После всего только что сказанного и услышанного обсуждать обычную текучку казалось нелепым, хотя Калленборн приехал как-никак по делу.
Однако Мартин Грав взял на себя и эту обузу, заговорил о текущих делах. А по завершении этой темы в считаные минуты удалось урегулировать и все вопросы, касавшиеся Калленборна. К общему решению удалось прийти сразу и без малейших разногласий. Все облегченно переглядывались. Оставалось согласовать некоторые бумаги перед подписью. После того как были просмотрены отобранные Анной кандидатуры стажеров и выбраны три кандидатуры для прослушивания, Мартин Грав, не удержавшись, вернулся к тому, с чего начал.
Досье Фон Ломова пора было расценивать как окончательно запущенные. Пора были прийти к какому-нибудь решению и в отношении его личных долгов. Речь шла о двух кредитных обязательствах: покупка квартиры и машины. Такие вопросы в обычное время решались без специальной повестки дня. Долги можно было взять на кабинет или отказаться от них. На последнем варианте настаивали родственники Фон Ломова. Они считали, что трудности, если они и возникнут, будет правильнее им расхлебывать самим, без посторонней помощи и не дожидаясь завершения страховой волокиты, которую вообще лучше было не затевать, пока всё не прояснилось окончательно.
По ходу того, как Грав излагал свои доводы, немного перегружая факты многословием, Петр не отрывал глаз от пола, с чем-то заранее не соглашался. На лице Дюваля тоже время от времени каменела какая-то жилка. Он пытался скрыть зевоту, отчего глаза его немного выпучивались, придавая лицу нездоровый рассеянный вид.
Бротте привык пропускать дискуссии на общие темы мимо ушей и тем самым проявлял дальновидность. Перемалывать из пустого в порожнее – это может длиться часами. Куда важнее в таких случаях итоги, выводы, реальное руководство к действиям. Ничего конкретного никто опять не предлагал.

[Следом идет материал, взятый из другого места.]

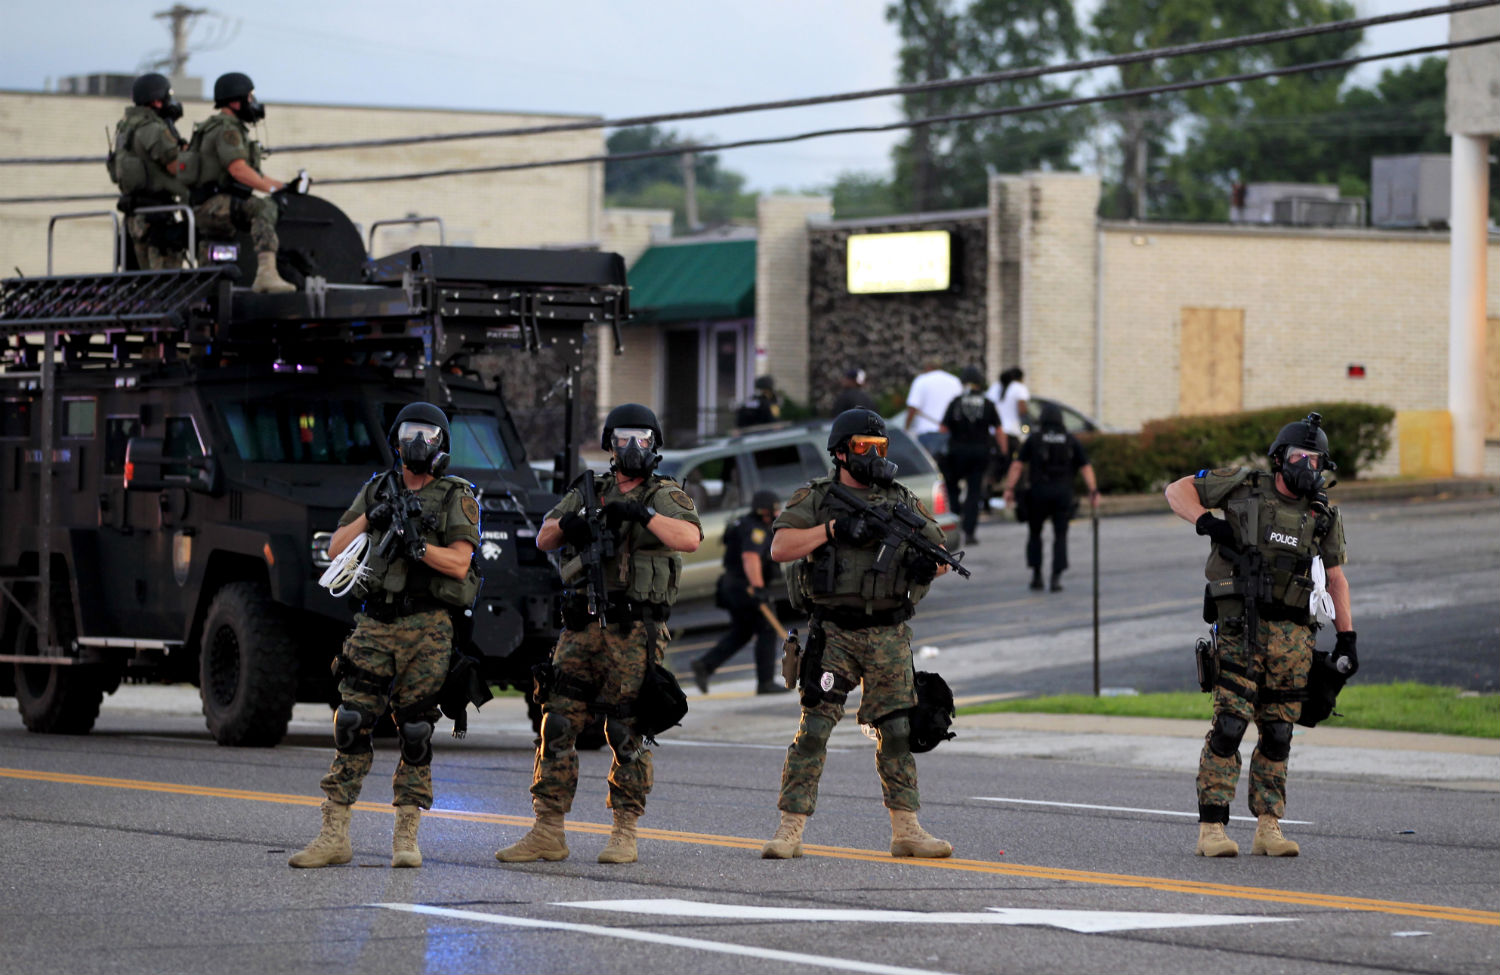 After Ferguson, Will the DOJ Curtail Militarized Policing Across the Country?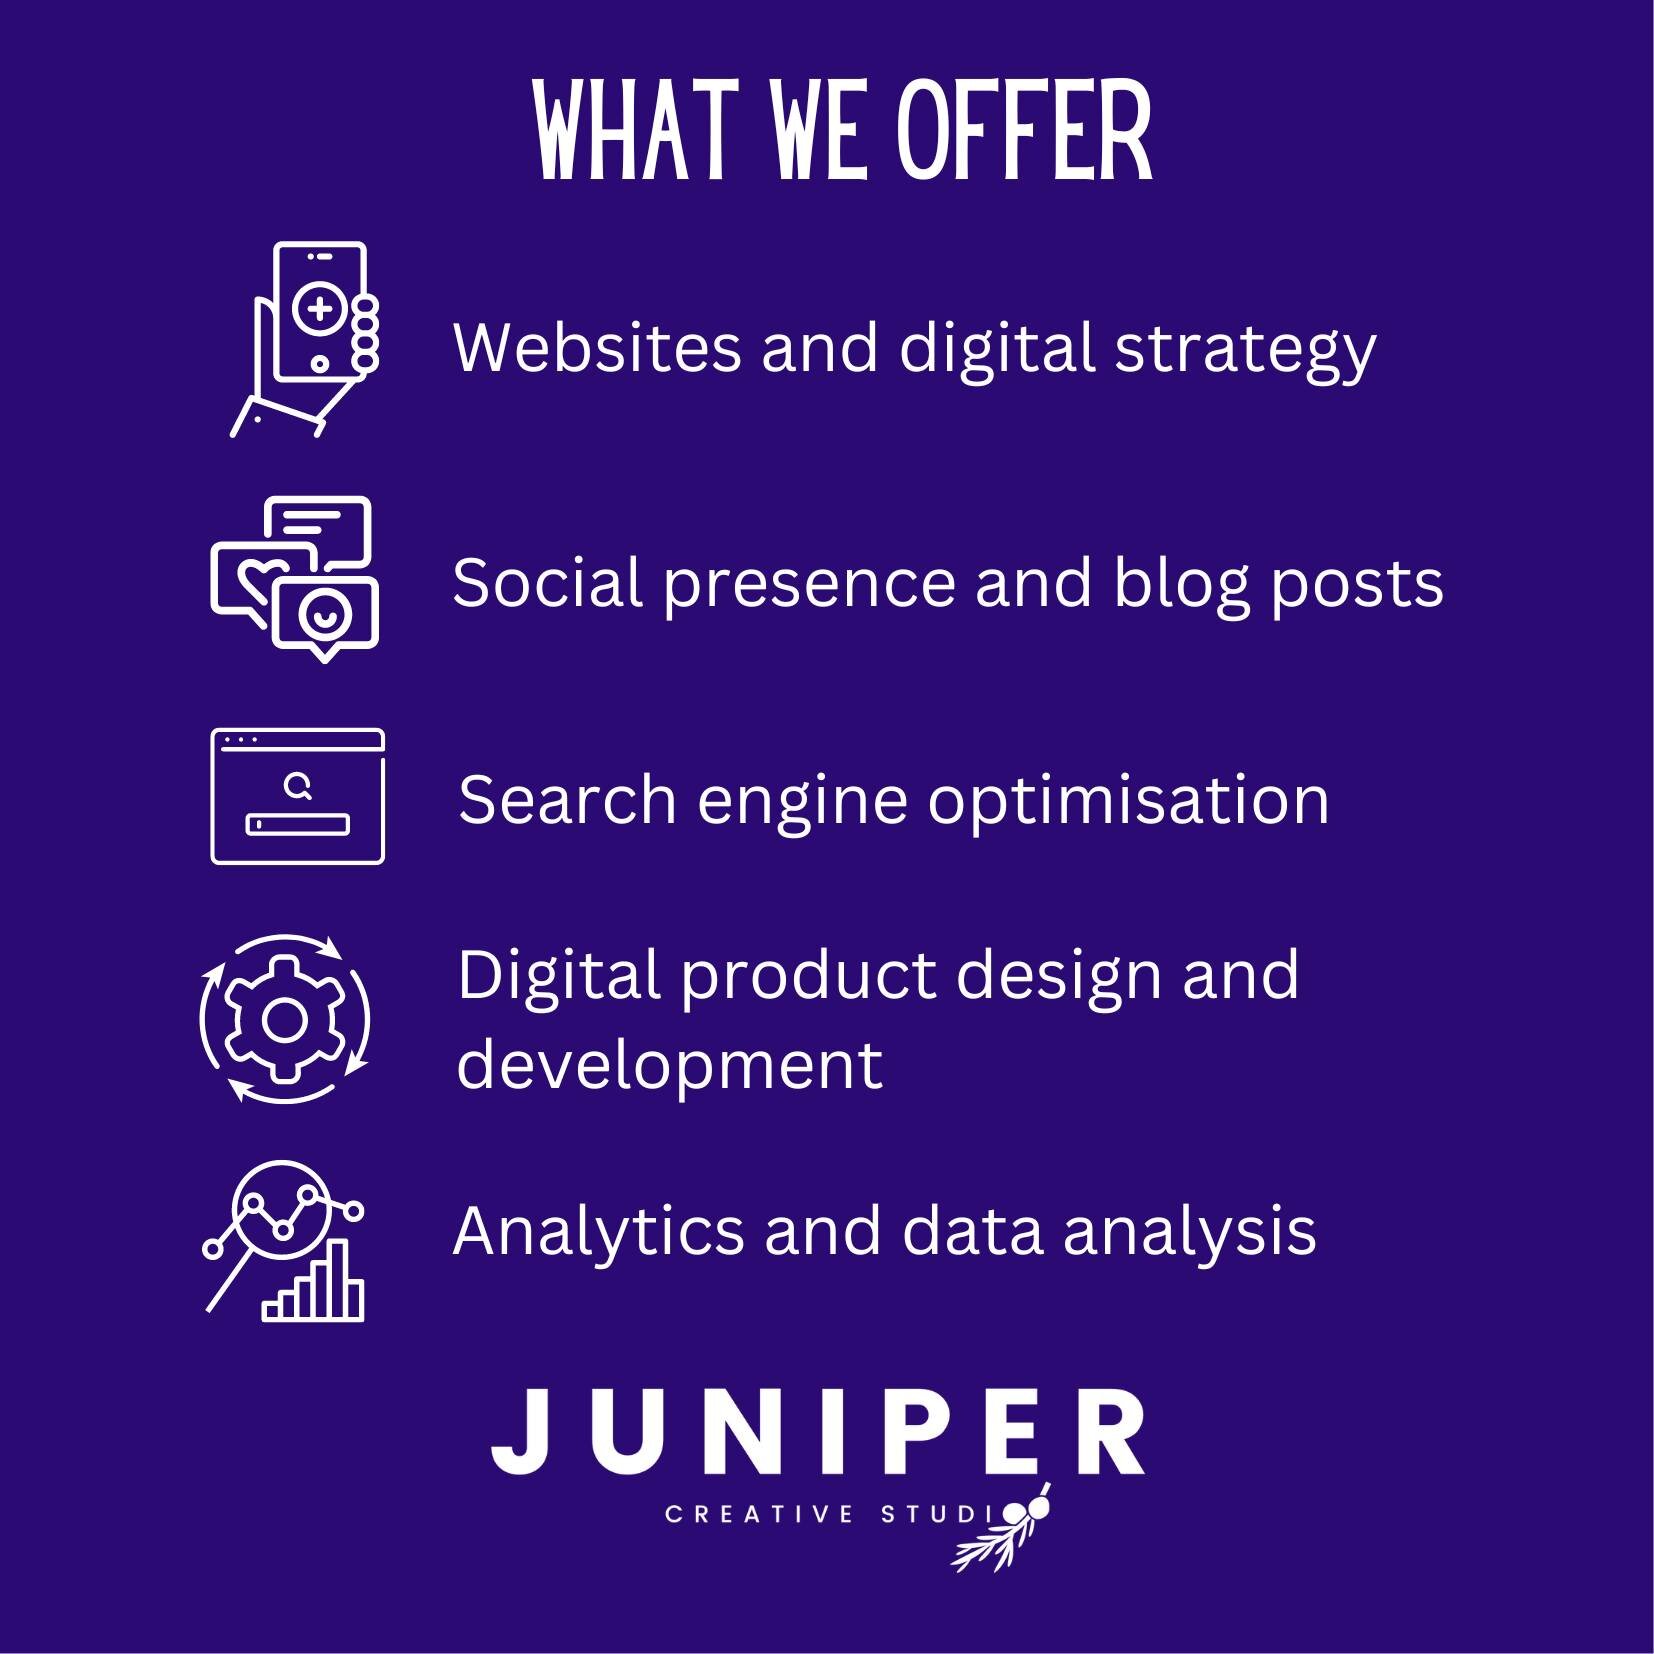 Need some help with your digital strategy or even to develop your product offering? We can put together a package to suit your needs. Get in touch for a chat to find out more! #digitalstrategy #productdevelopment #website #Analytics #blog

– Мы не можем разойтись без решения, – подытожил Петр дискуссию. – Гаспар не против… я уже говорил об этом… взять всё на себя. Но во-первых, я считаю это свинством. И даже не хочу говорить на эту тему. А во-вторых… Я уверен, что нет причин впадать в крайности. Зачем всех впутывать? Размер выплат по кредитам, да ведь смешно… – Не договорив, Петр отгородился от присутствующих пятернями.
– Я согласен с этой точкой зрения, – неожиданно произнес Калленборн, опять удивляя своей реакцией. – Пока не будет полной ясности, лучше взять долги на себя. Это ведь небольшие деньги.
Грав, сутулясь, вышагивал по комнате. Все молчали.
– Я всё подсчитал. На первое время нужно около десяти тысяч франков в месяц, – сказал Вертягин. – Если мы не договоримся об этом сейчас, я буду выплачивать эту сумму сам, из своего кармана. Вот что я решил. Так что решайте и вы.
– Да при чем тут твой карман?! О чем бы говоришь? – вспылил Грав; развернувшись к компаньонам, он ждал от них поддержки, но все молчали. – Опять все как воды в рот набрали? Жорж, ты-то почему молчишь? У тебя такой вид…
Едва пошевелив зрачками, Дюваль задумчиво уставился в пол, он не знал, куда деваться. Бротте отвесил кивок, ни да ни нет, из благовоспитанности не решаясь встать на чью-либо сторону. Но голос его как правило не имел никакого веса…
Однажды вечером, уже позднее, обсуждая в Гарне с Мартой всё ту же тему, когда он в который раз утопал в своих раздумьях, Марта, уже по привычке, принялась его урезонивать его же собственными доводами: Фон Ломов, мол, не тот человек, с которым может произойти такая история.
В этом была доля истины. Однако Петр никак не мог упростить эту мысль, очистить ее в себе от непонятного налета. Что именно так мешало смириться с простой констатацией? Для полноты картины недоставало какой-то небольшой, но очень важной детали.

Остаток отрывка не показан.